Sam nodded. “Sure. There’s a lot less of it to mess up now, too. And if we don’t get some rain soon, this whole place will be a dust pile. Driest summer and early fall we’ve had in a decade.”
Sam wasn’t watching but he heard what he thought might be the snap of her teeth. Was she grinding them together? “What did I say?”
“As if you don’t know.” Avery pulled up one leg and braced it on the dashboard like old times. “I can’t tell if you really don’t like my hair or you’re poking again, trying to get a rise.”
Sam tightened his hand on the steering wheel. It was a bit of both, if he was being honest.
Still, he wasn’t a fool. Commenting on a woman’s hair was a minefield of wrong decisions.
“It was simpler, less fuss. Straightening it every day was such a hassle and I had more important things to worry about.” She played with the hair at her temples. “Robert didn’t like it, either, but it had to be done. Believe me, deciding to cut my hair wasn’t the hardest thing I did, but it sure wasn’t easy. Losing that ponytail was like...”

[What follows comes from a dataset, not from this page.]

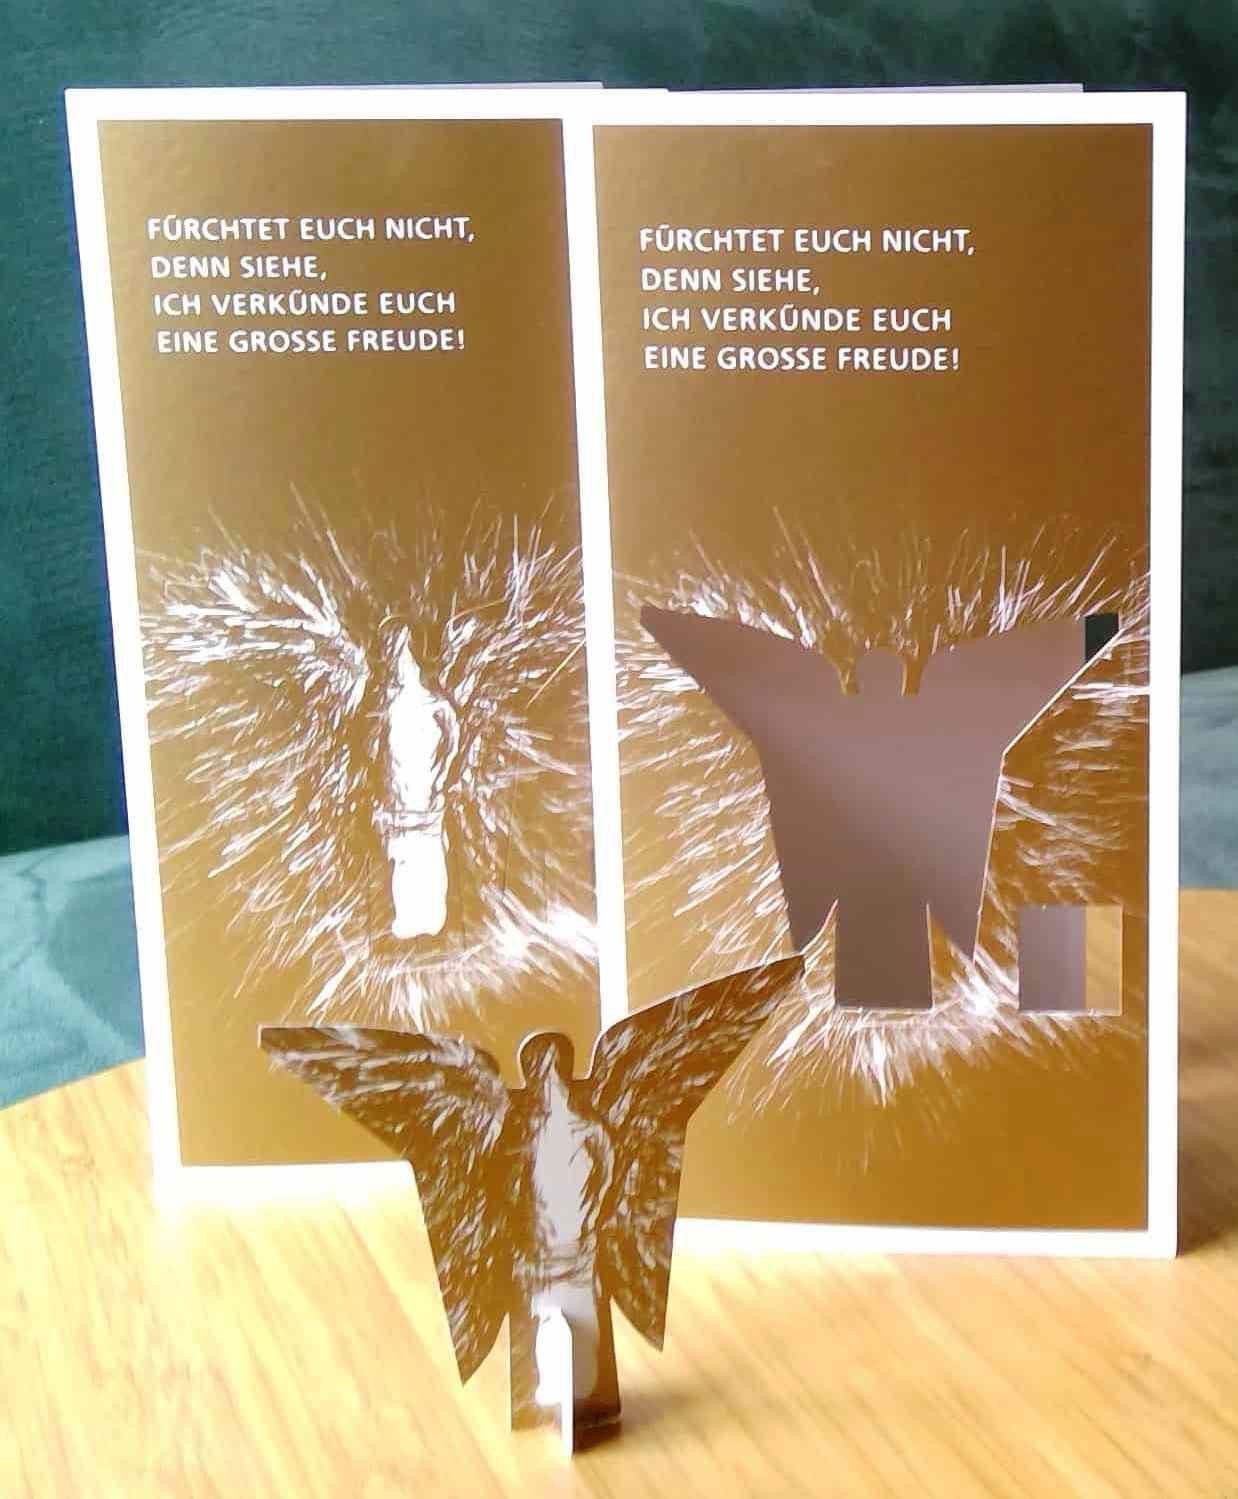 goldene weihnachtsgr e verschicken kirche material. Black Bedroom Furniture Sets. Home Design Ideas

Sam waited for her to finish the sentence but she shook her head. Even if he’d managed to punch through the sadness that made her seem so fragile when he’d met her on the trail, some of it hovered around her now. He wanted to chase it away again, but not by his usual means.

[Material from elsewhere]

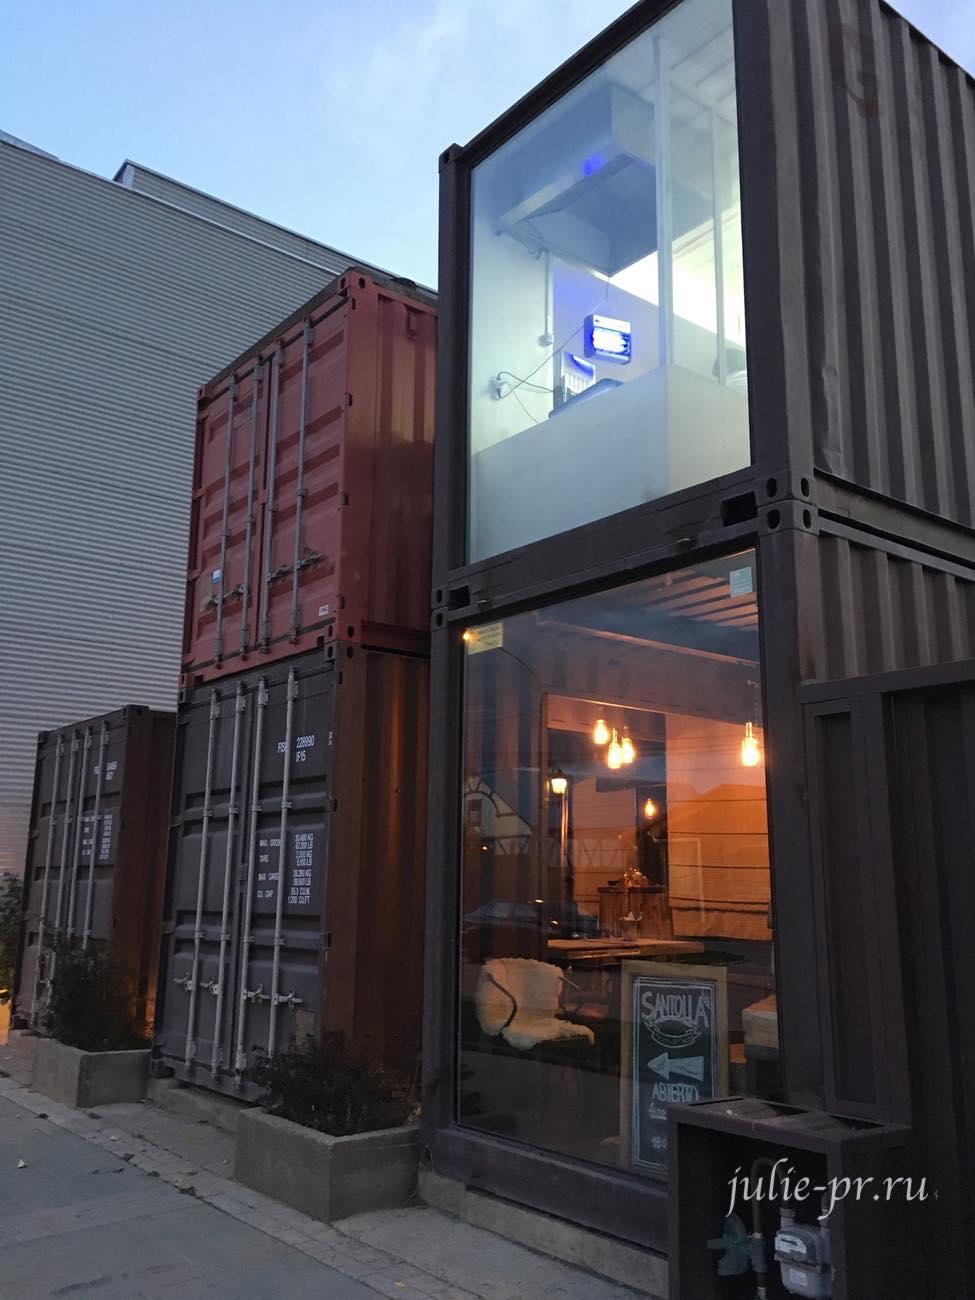 Чили, Патагония, Пуэрто-Наталес, ресторан Santolla в контейнере

He studied her out of the corner of his eye. She seemed so vulnerable, but every conversation was revealing enough of her grit to reassure him AA was still in there.
“It was like saying goodbye to myself, the person I knew I was,” Avery said softly.
If he reached over to give her an encouraging hug, she’d make him regret it.
The urge to do it anyway was something he had to get under control.
“If we’re going to the library and the pie shop, you’re going to have to drive faster. The library closes at five.” Avery tapped the digital display on the dashboard. “And since I’m out of the house like a perfectly normal human being who has no worrying grief or latent suicidal tendencies, I want my prizes.”
That was what he wanted to talk to her about, whatever it was that had her mother so worried, but she met his stare. “I’m fine, Sam. My mother will make sure of it.”
Here, in the sunshiny afternoon, it was easy to agree. Sam grunted. “Someday, I’m going to spend time analyzing how my stop for more leftovers took such a wrong turn.”
“When you head to this new job,” Avery said with a wave of her hand, “you’ll have time and distance. That makes it so much easier to see through my mother’s expert finagling.”
Sam shot her a quick look and then hung an arm out the window. “Yeah, and what brings you home, then? Time and distance sound good to me.”
“Sometimes you miss that finagling,” Avery said as she fussed with those windblown curls. “Sometimes you need it, Sam.”
The quick trip through Sweetwater was silent as he thought about her words. As he parked in a spot in the center of town, perfectly situated for both the library and the pie shop, Sam wondered if she was warning him. He’d never been away from home. What if he was as restless and dissatisfied in Colorado as he was here? There weren’t any bigger mountains for him to climb.